--- SOURCE DATA Enclosed Below ---

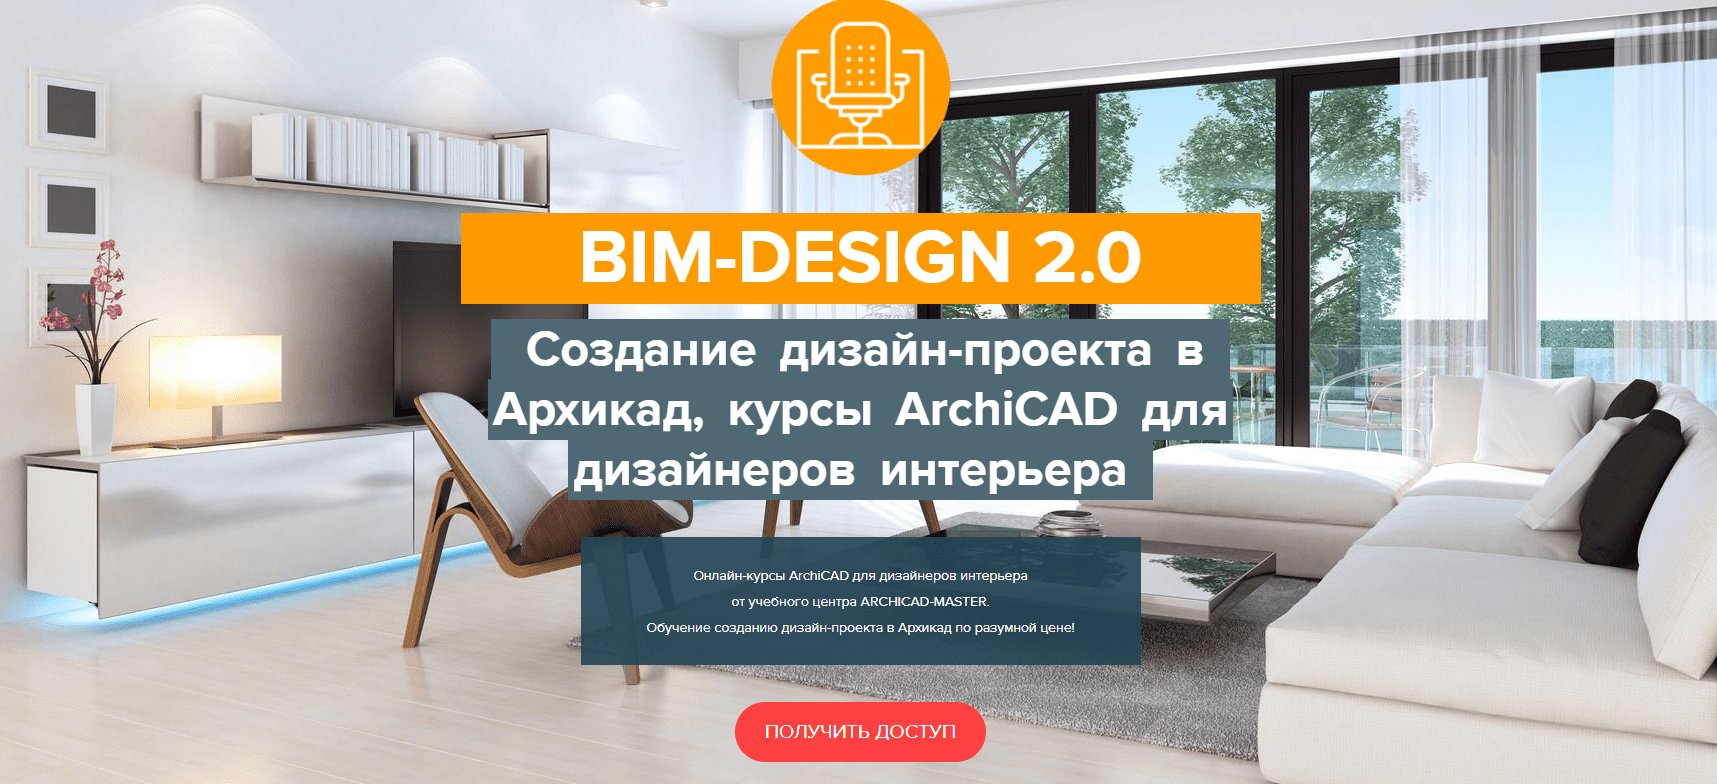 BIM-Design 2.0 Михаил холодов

--- End of Enclosed SOURCE DATA ---
--- SOURCE DATA Enclosed Below ---

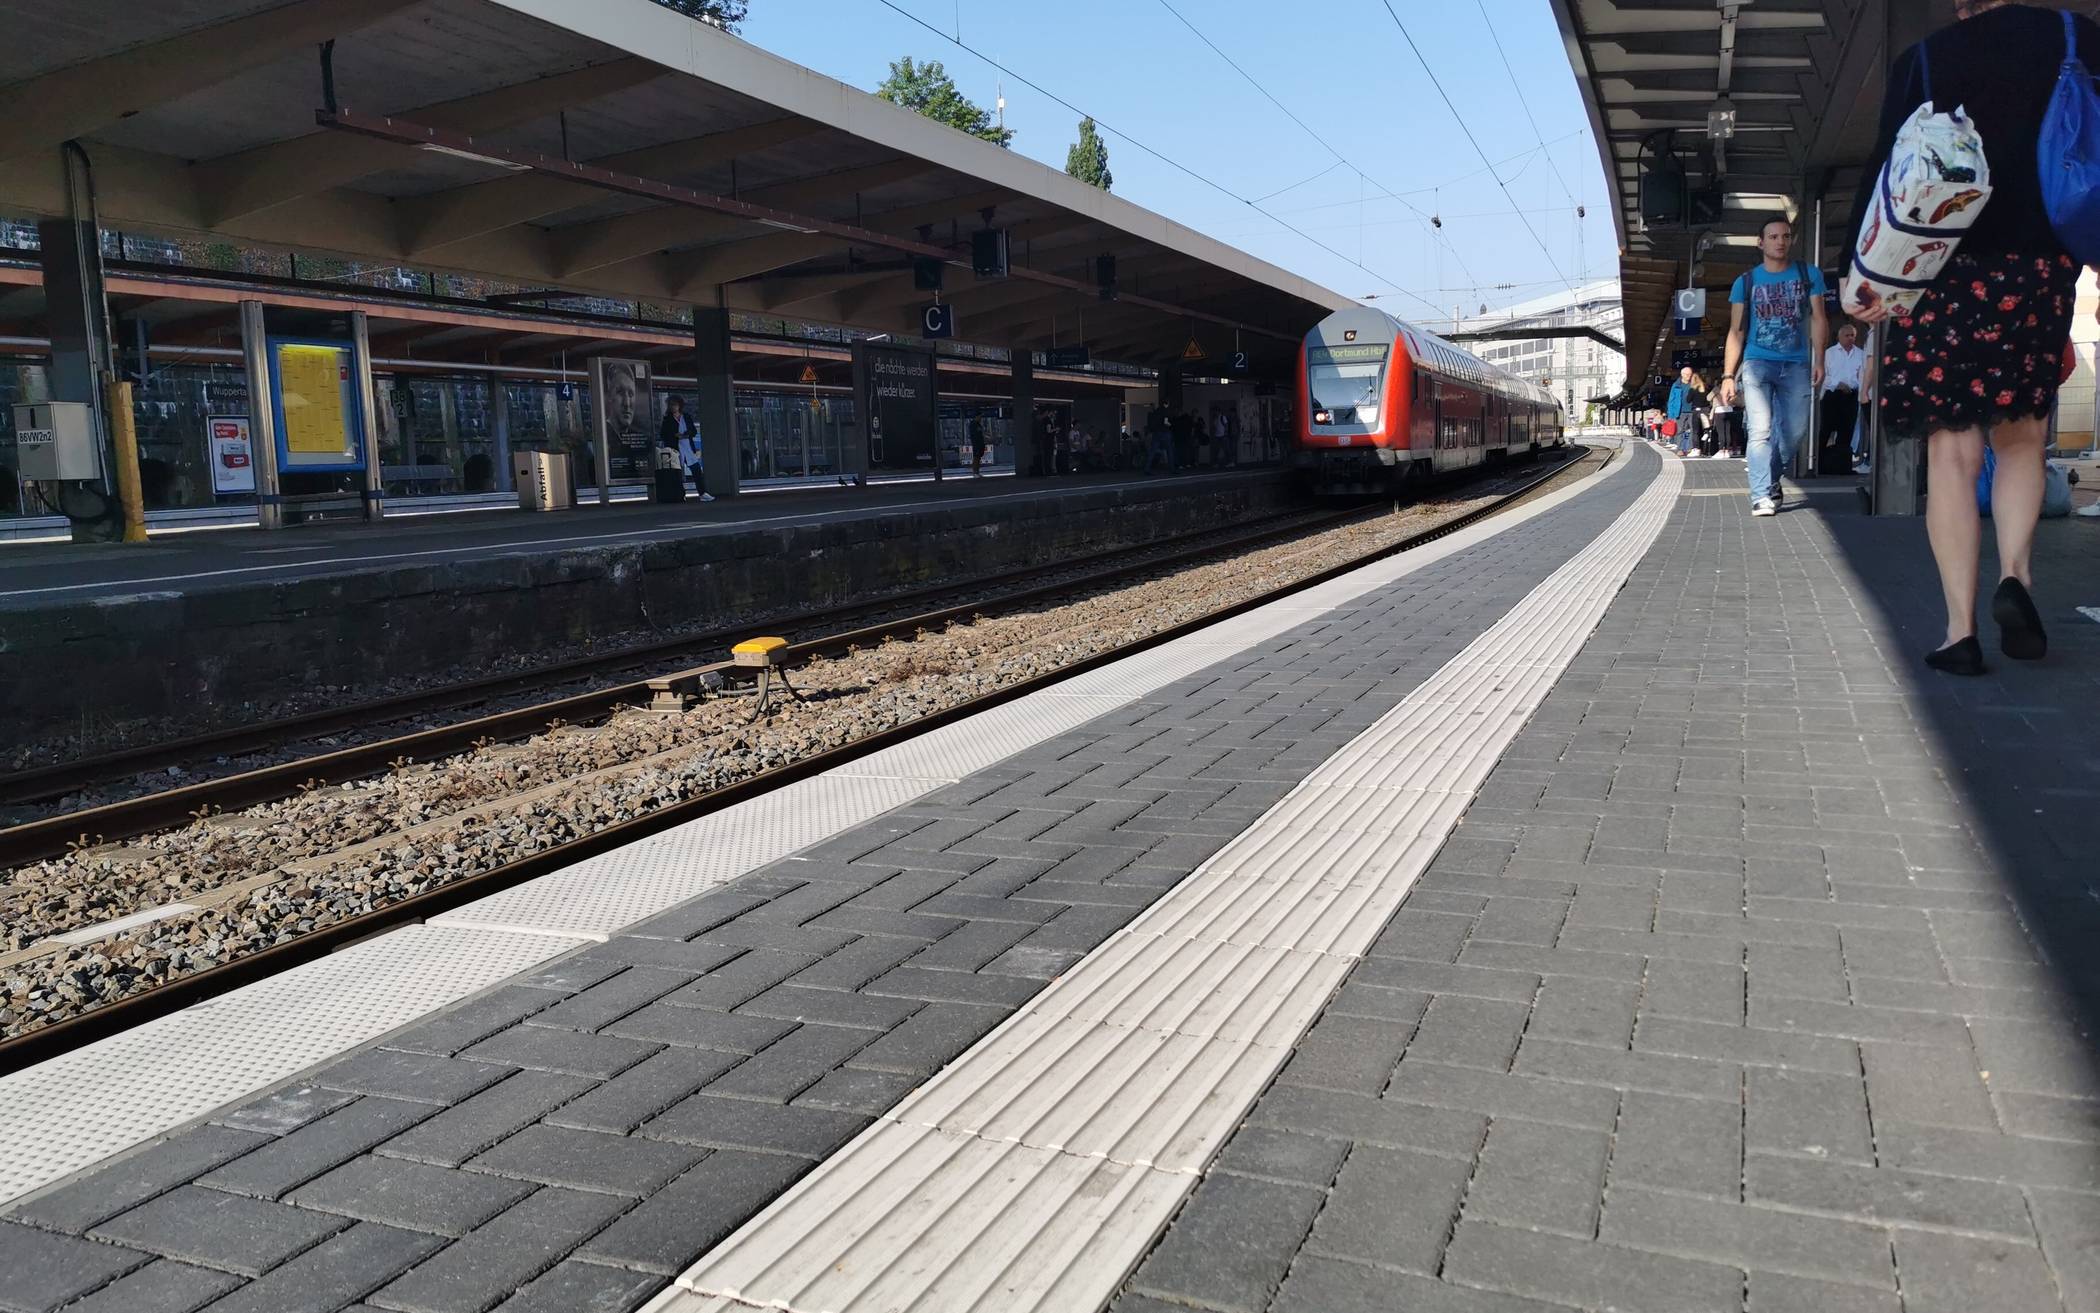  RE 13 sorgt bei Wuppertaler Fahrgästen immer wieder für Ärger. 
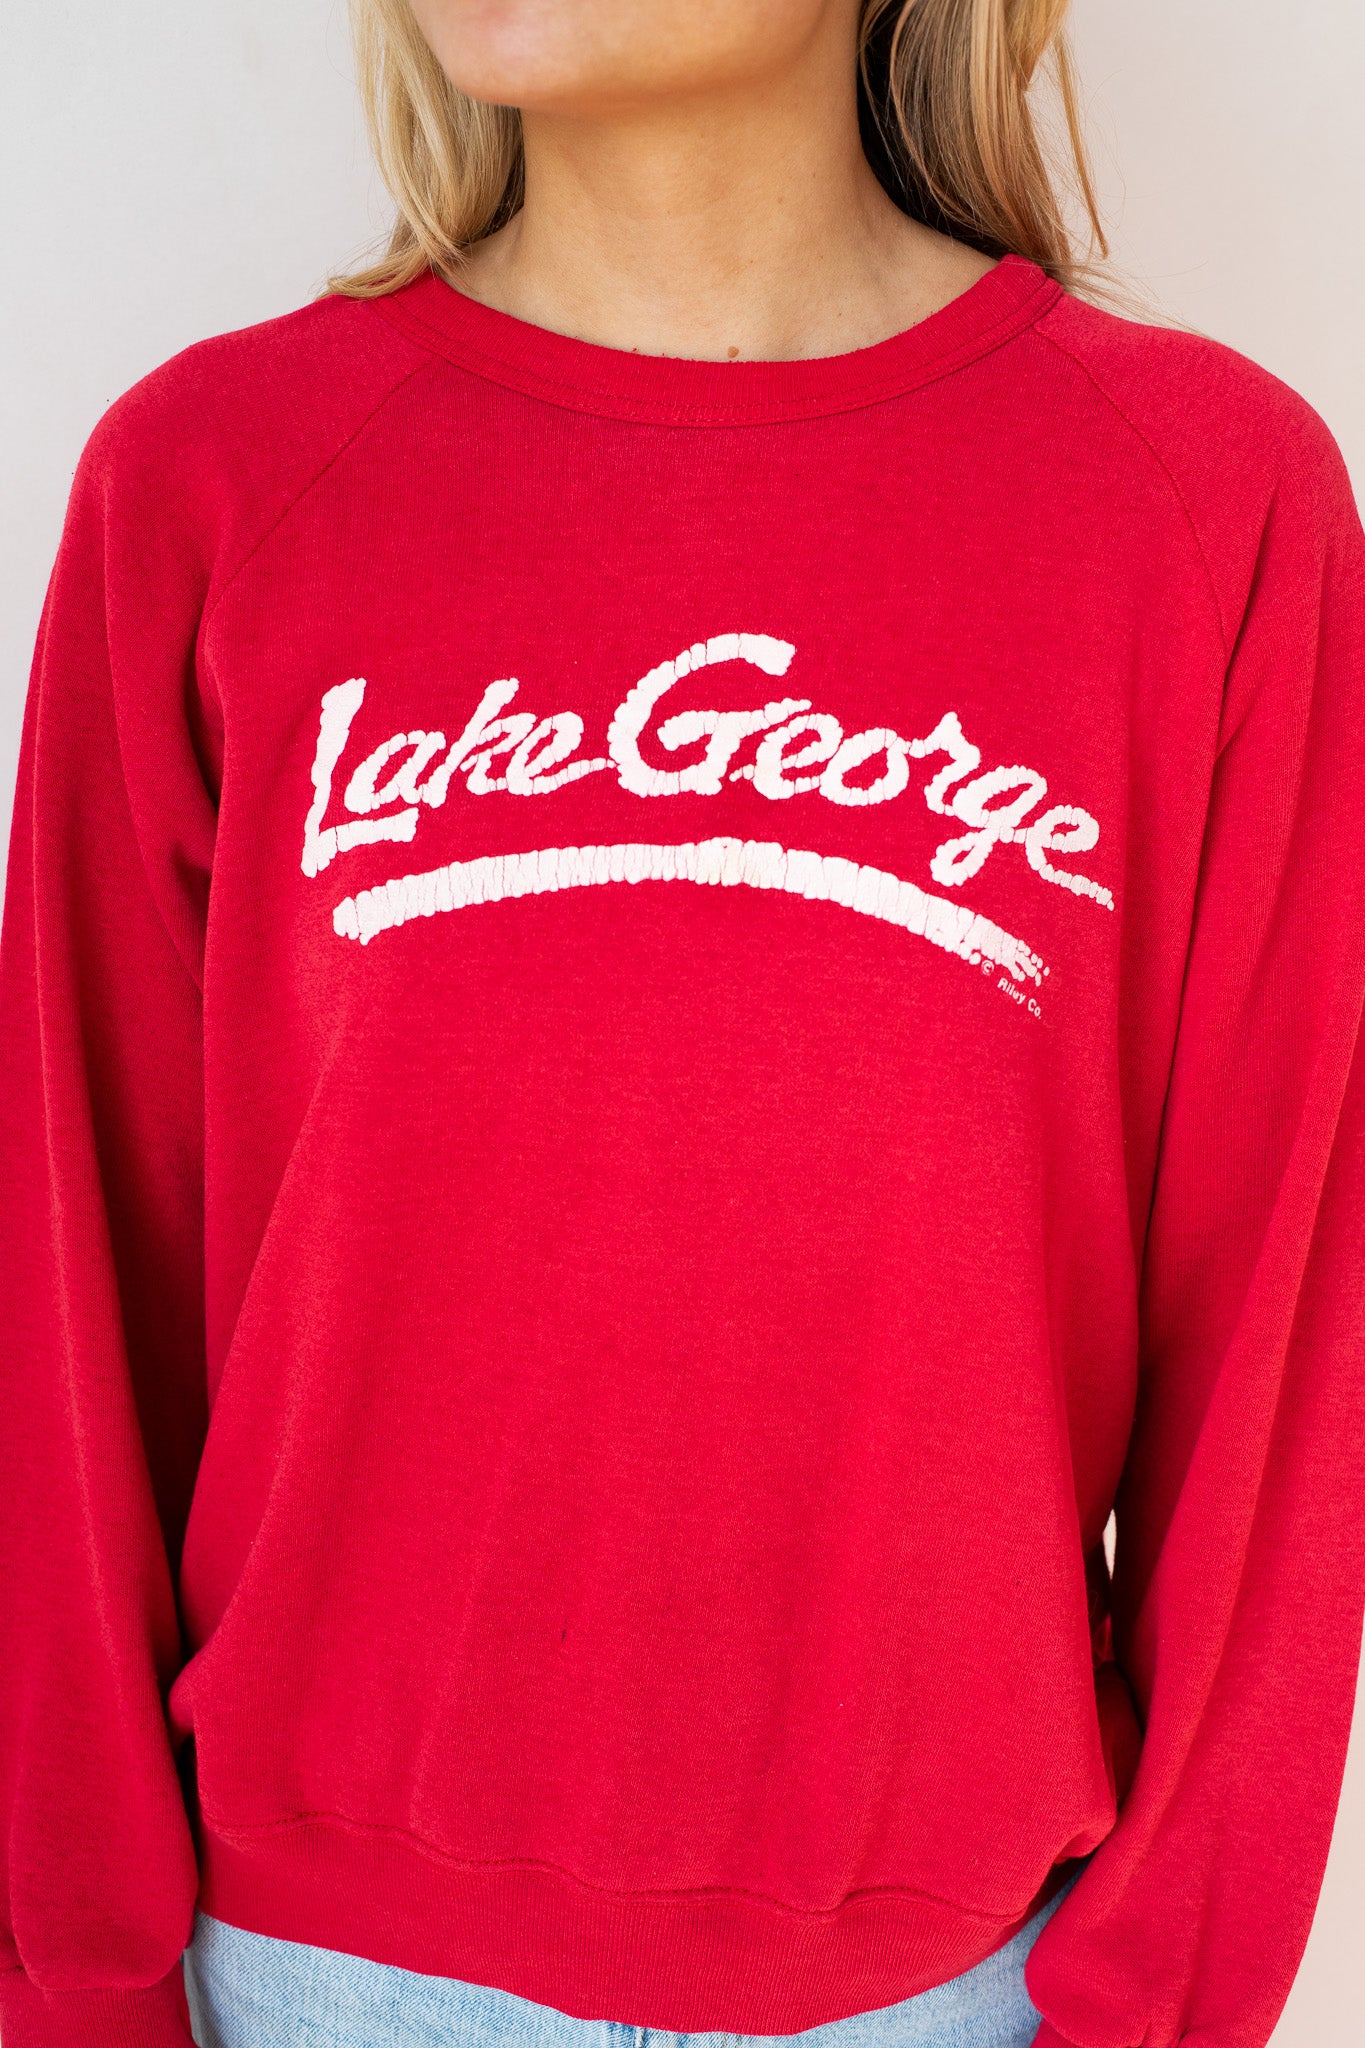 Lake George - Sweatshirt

--- End of Enclosed SOURCE DATA ---
--- SOURCE DATA Enclosed Below ---

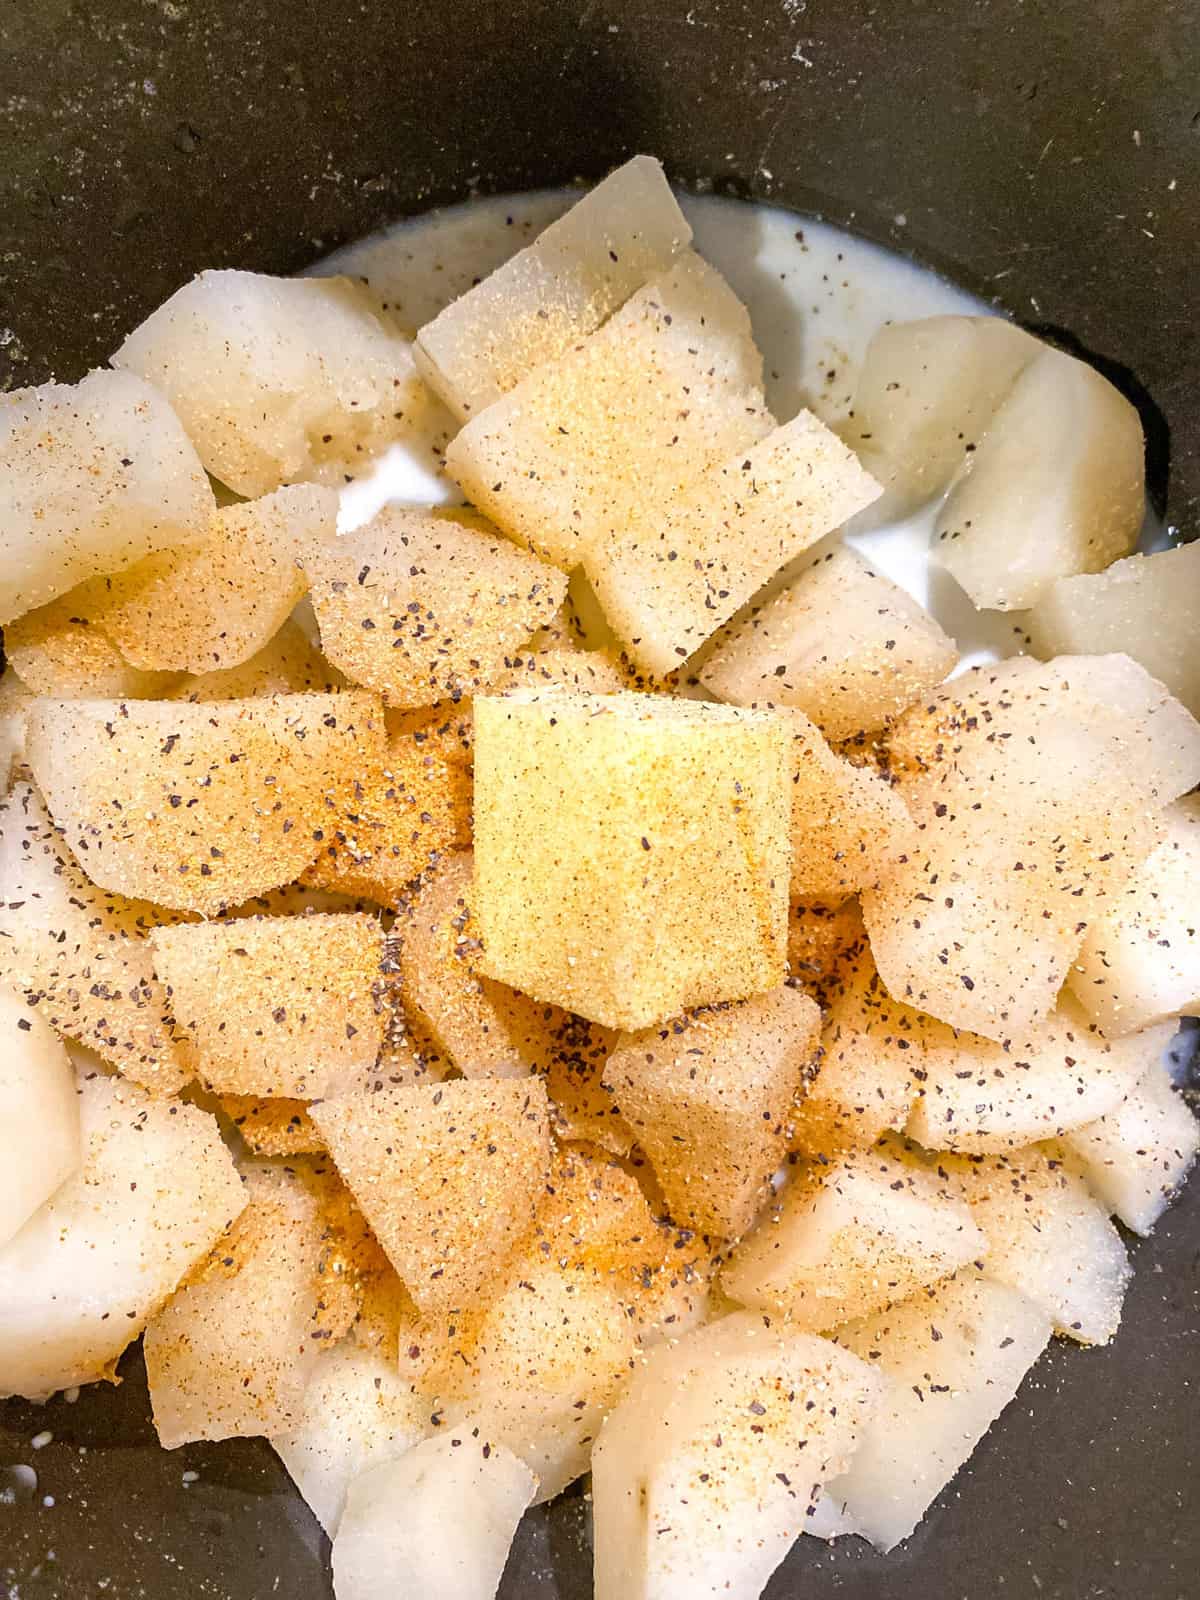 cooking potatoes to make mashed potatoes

--- End of Enclosed SOURCE DATA ---

**DESCRIPTION OF THE TASK:** Exact repeat of the material above: every line from the one with "RE 13 sorgt" through the one with "Lake George - Sweatshirt", endpoints included, and nothing more. No pictures.

**YOUR SOLUTION:**
  RE 13 sorgt bei Wuppertaler Fahrgästen immer wieder für Ärger. 
 Lake George - Sweatshirt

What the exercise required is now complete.